_Task requirements:_ Begin at the line containing "Fried Squash Blossoms Stuffed with Ricotta" and restate it and each line after it exactly, up to and including the last line below. Leave pictures out.

_Information shown:_
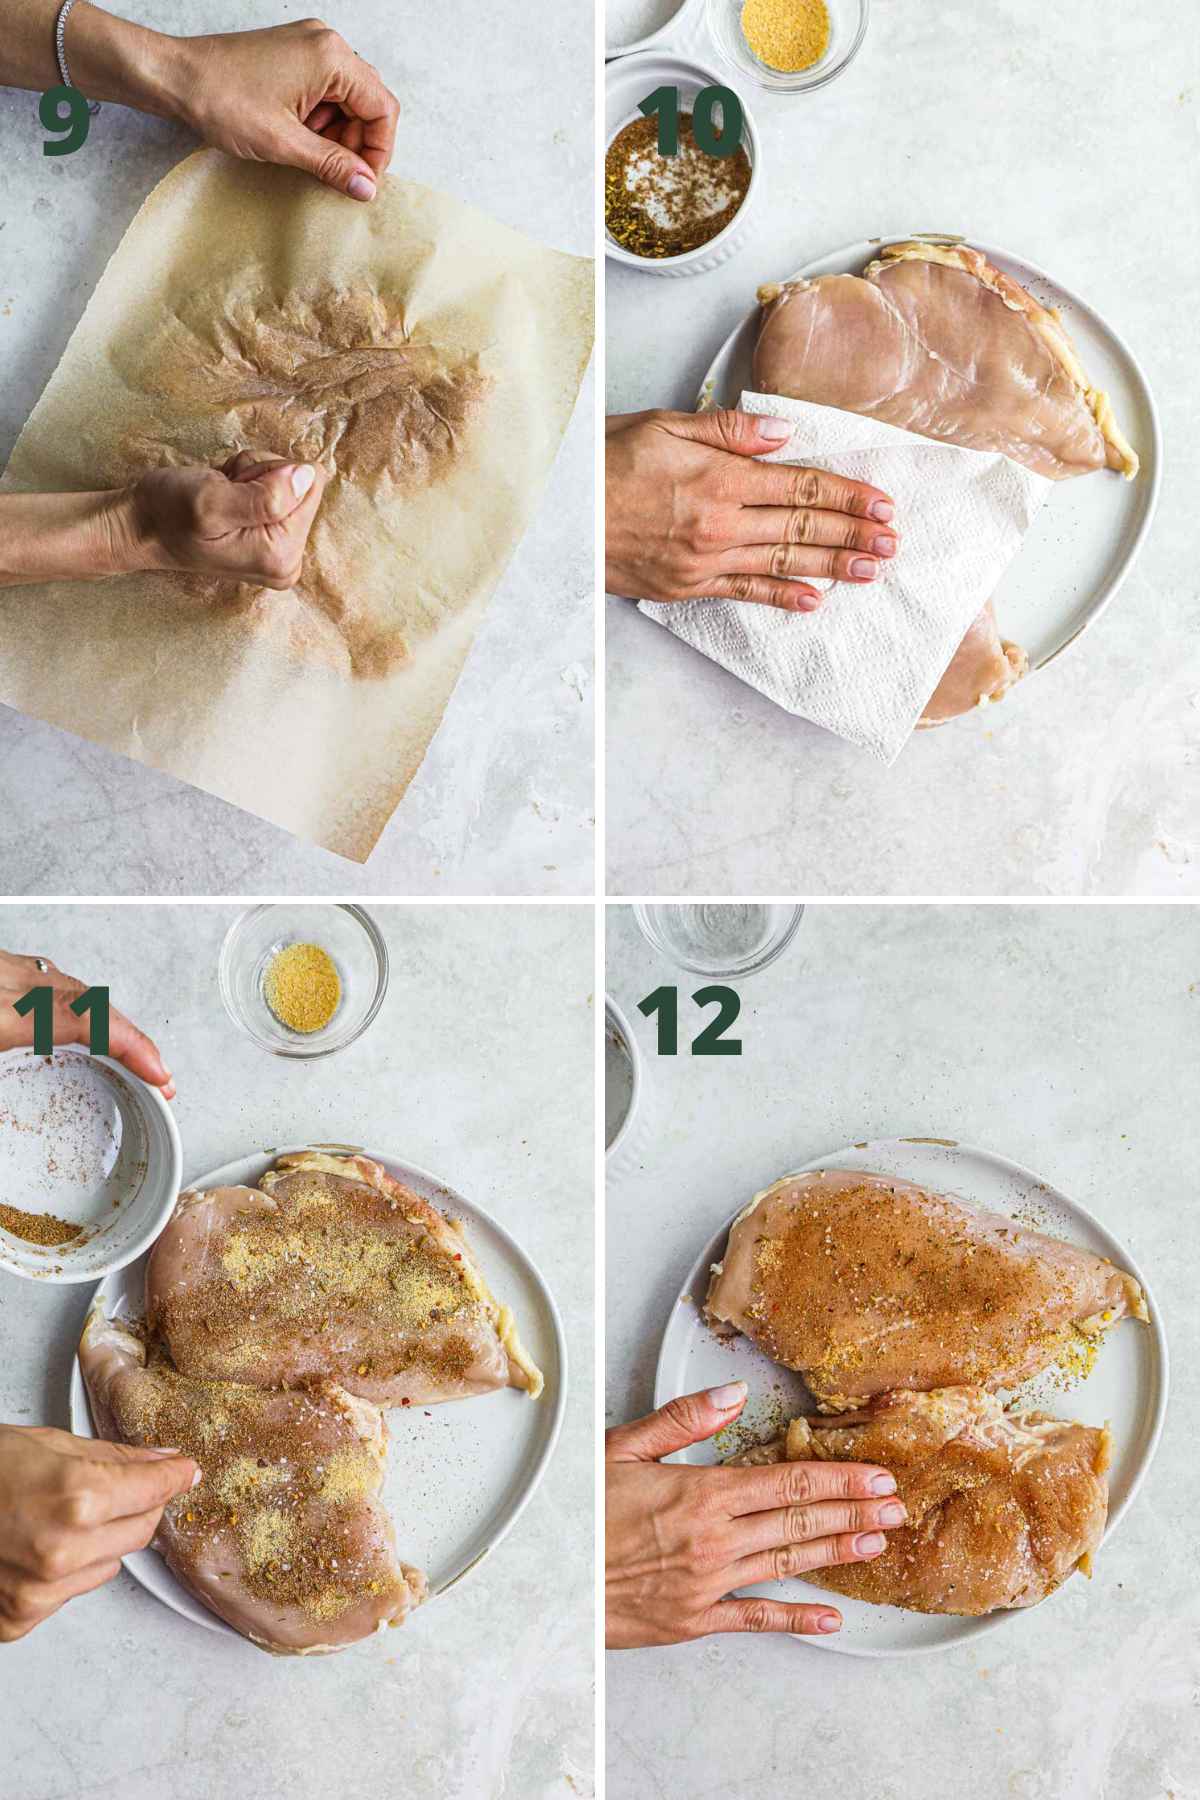 Steps to make cast iron skillet chicken, tenderize chicken, pat dry, season, and rub seasoning into chicken breasts.
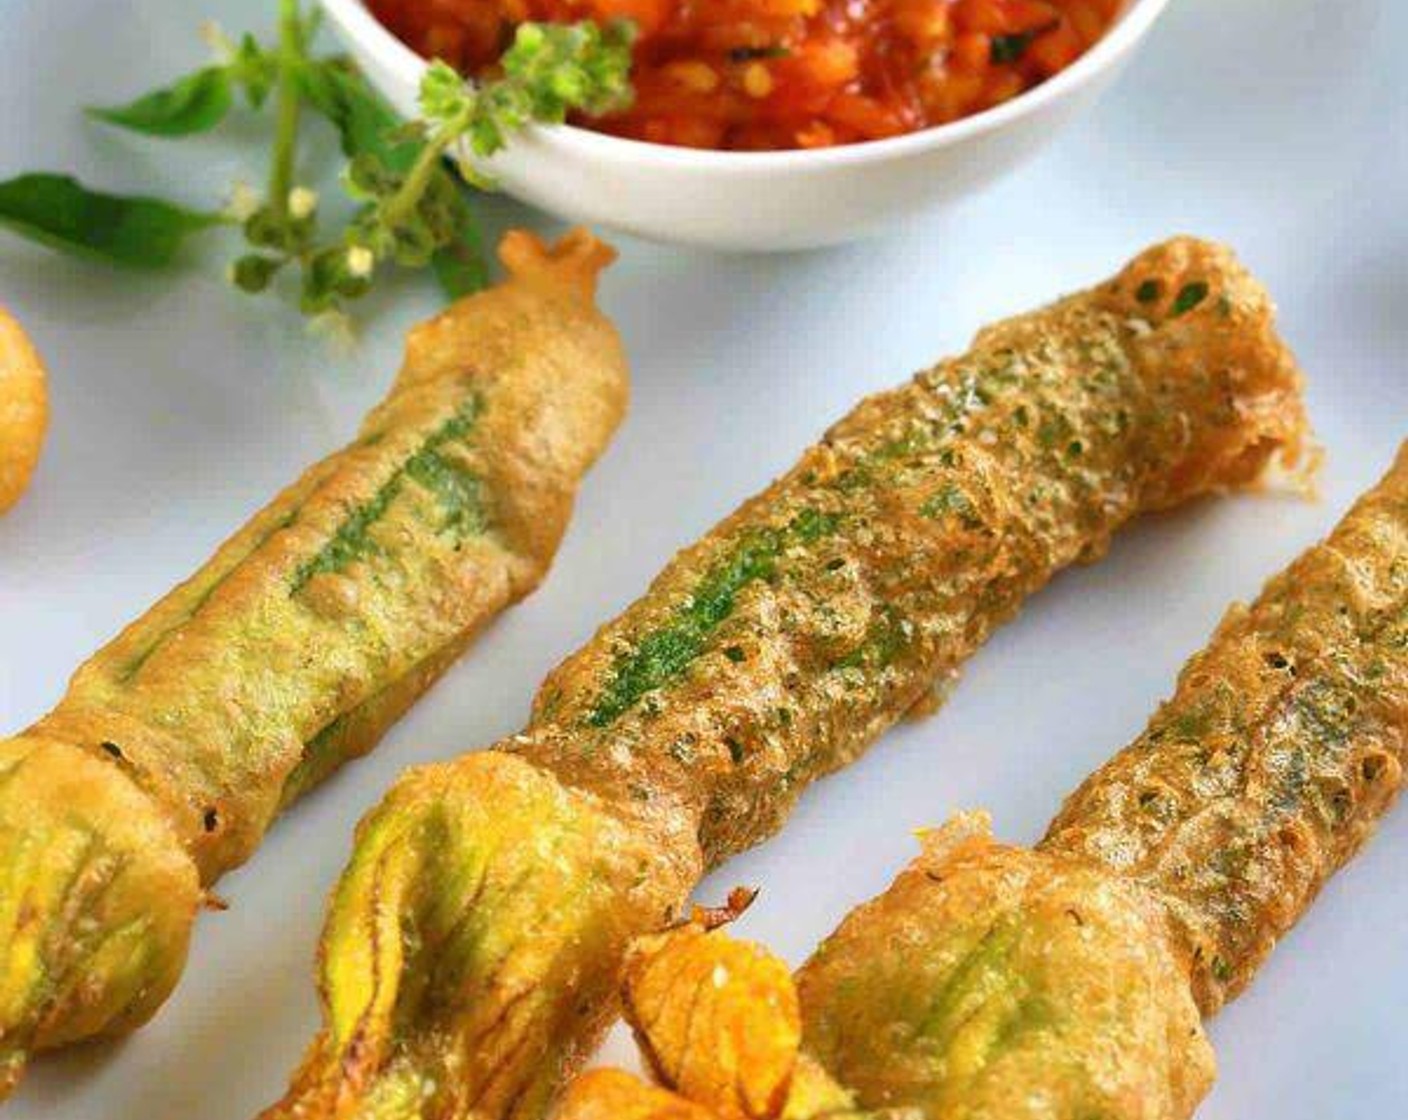 Fried Squash Blossoms Stuffed with Ricotta
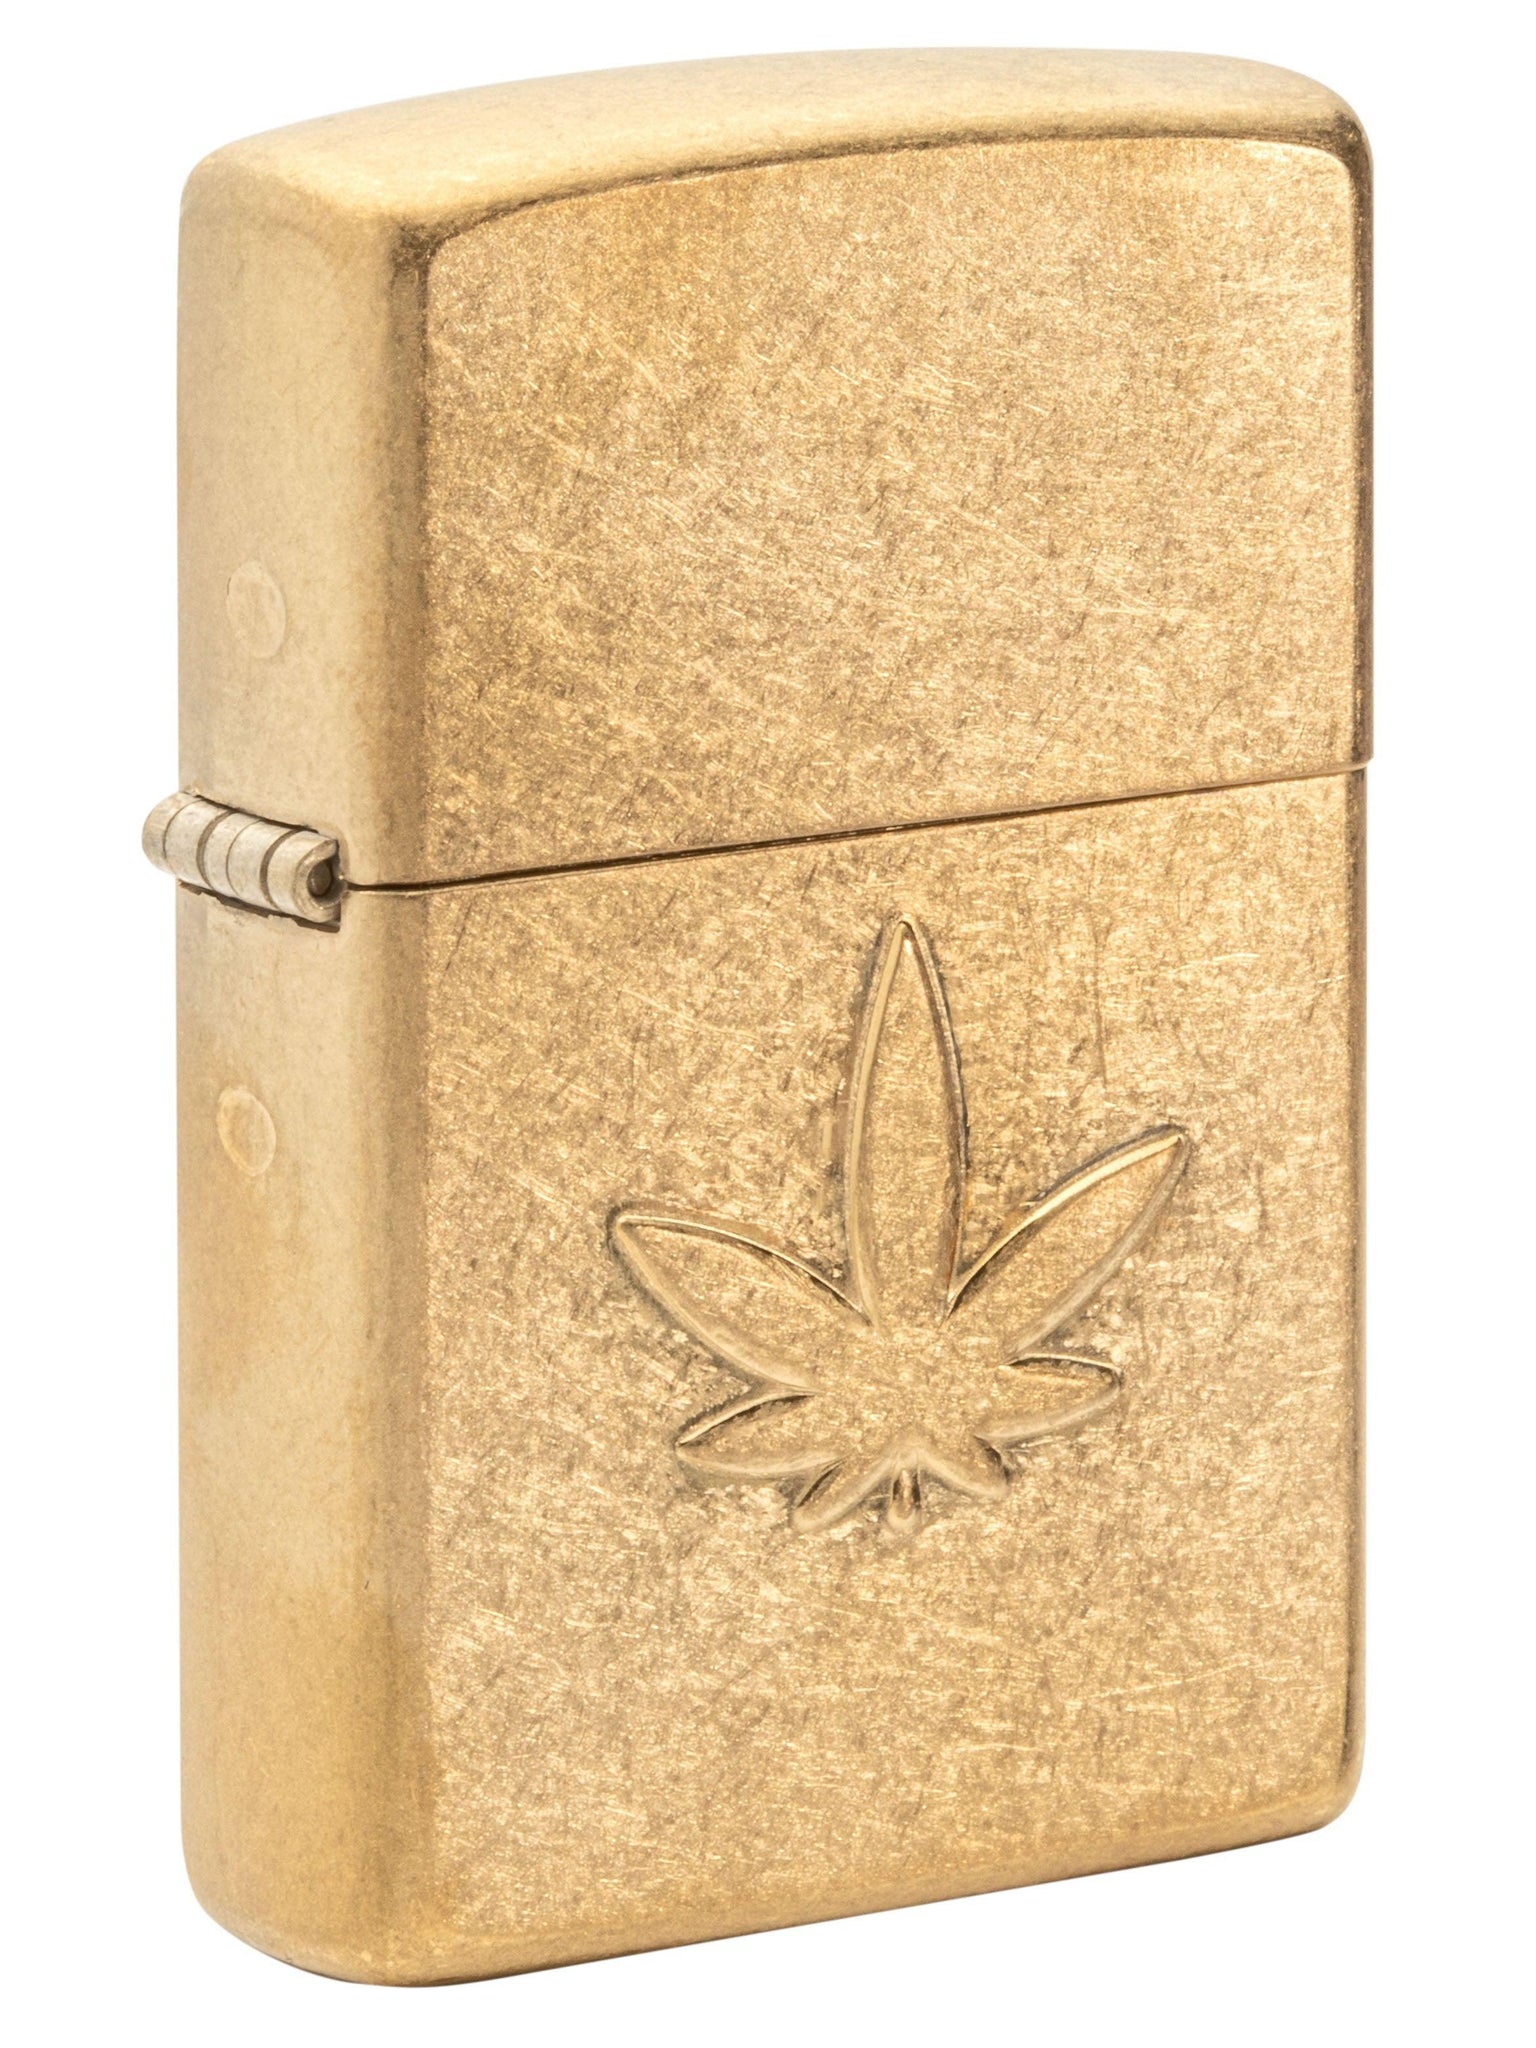 Zippo Lighter: Stamped Weed Leaf - Tumbled Brass 49569

_Result:_
 Fried Squash Blossoms Stuffed with Ricotta
 Zippo Lighter: Stamped Weed Leaf - Tumbled Brass 49569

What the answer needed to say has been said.